FIG. 2 is a flowchart showing a procedure of a neural network pattern learning method according to an embodiment of the present invention.

FIG. 3 is a diagram showing a three-layer neural network which is an example of a multilayer neural network.

FIG. 4 is a diagram showing points (both input and output are one-dimensional) of a learning pattern and a function realized by a neural network.
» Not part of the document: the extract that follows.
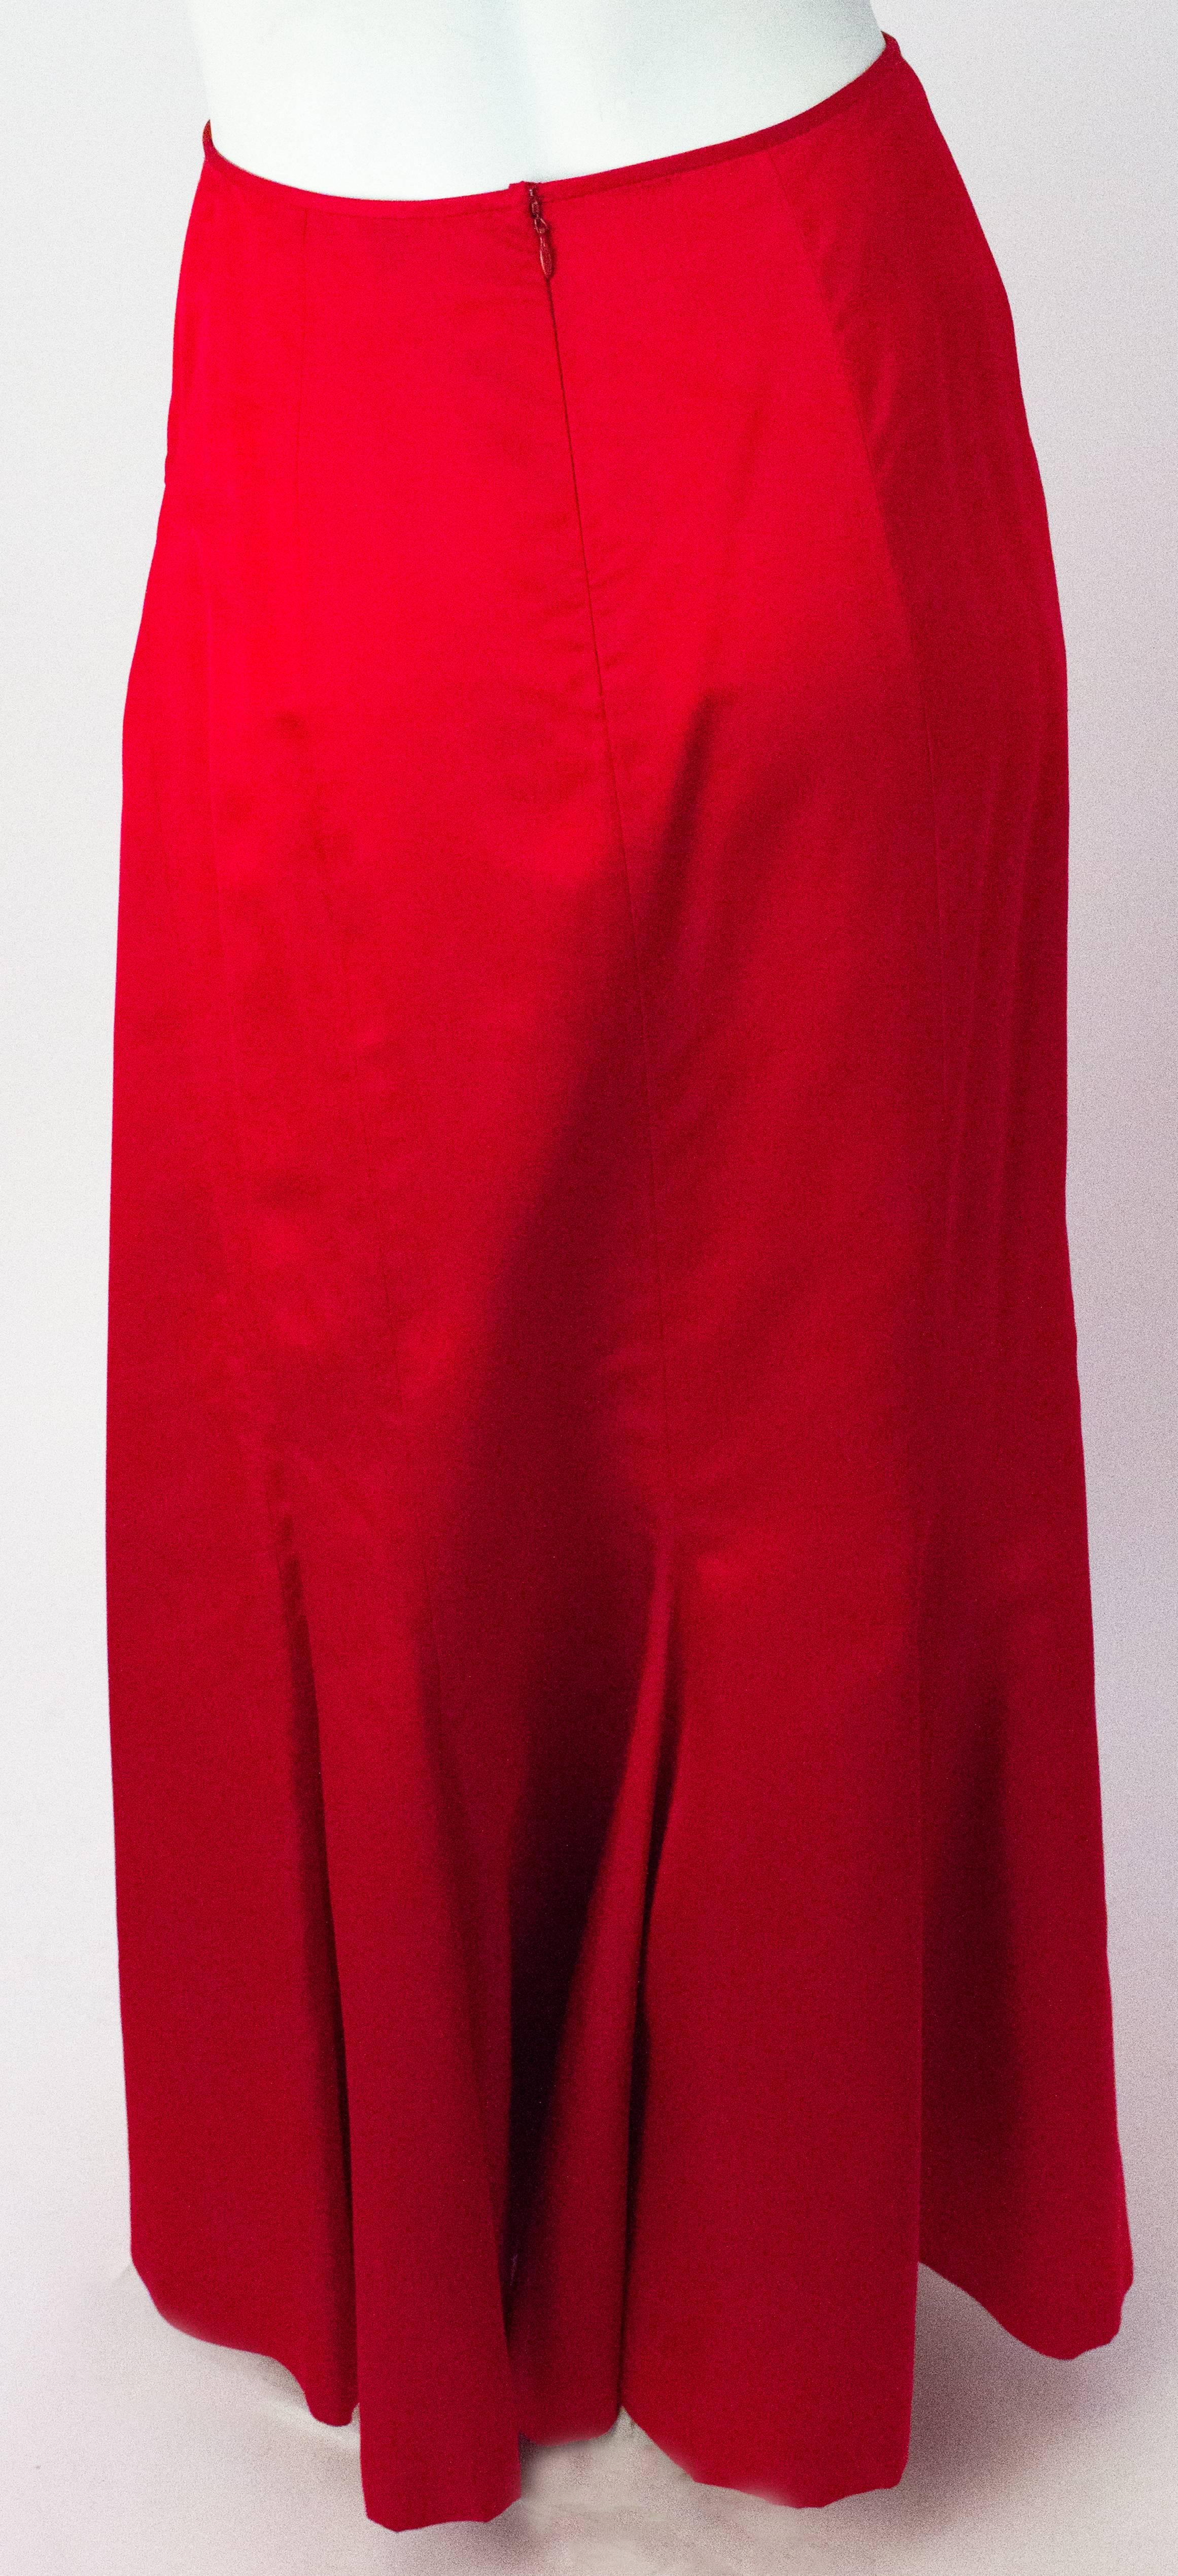 90s Melinda Eng Red Silk Skirt. 100% Silk Satin.

FIG. 5 is a diagram showing points (both input and output are one-dimensional) of a learning pattern and a function realized by an overlearned neural network.

[Explanation of symbols]

1 pattern input circuit 2 Square error calculation circuit 3 differential calculation circuit 4 coefficient calculation circuit 5 Coupling coefficient correction circuit

─────────────────────────────────────────────────── ─── Continuation of front page (72) Noboru Sonehara 1-1-6 Uchisaiwaicho, Chiyoda-ku, Tokyo Nippon Telegraph and Telephone Corporation (56) Reference JP-A-2-158860 (JP, A) (58) Fields surveyed (Int.Cl. ⁷ , DB name) G06N 1/00-7/08 JISST file (JOIS)

Claims (2)

(57) [Claims] 1. A neural network type pattern learning method using a multilayer neural network composed of non-linear threshold units, wherein a differential value of an output pattern of a learning pattern with respect to an input pattern of the learning pattern is calculated, A value obtained by multiplying the square of the value by a smoothness penalty is added to the learning cost function, and the smoothness penalty is small when the differential value is large, and is large when the differential value is small. A neural network type pattern learning method characterized by suppressing over-learning by changing the. 2. A neural network type pattern processor using a multilayer neural network composed of non-linear threshold units, said means for calculating a differential value of an output pattern of a learning pattern with respect to an input pattern of a learning pattern, The smoothness penalty that is small when the differential value is large and is large when the differential value is small is 2 of the differential value.
And a means for adding a value multiplied by a multiplication value to a learning cost function.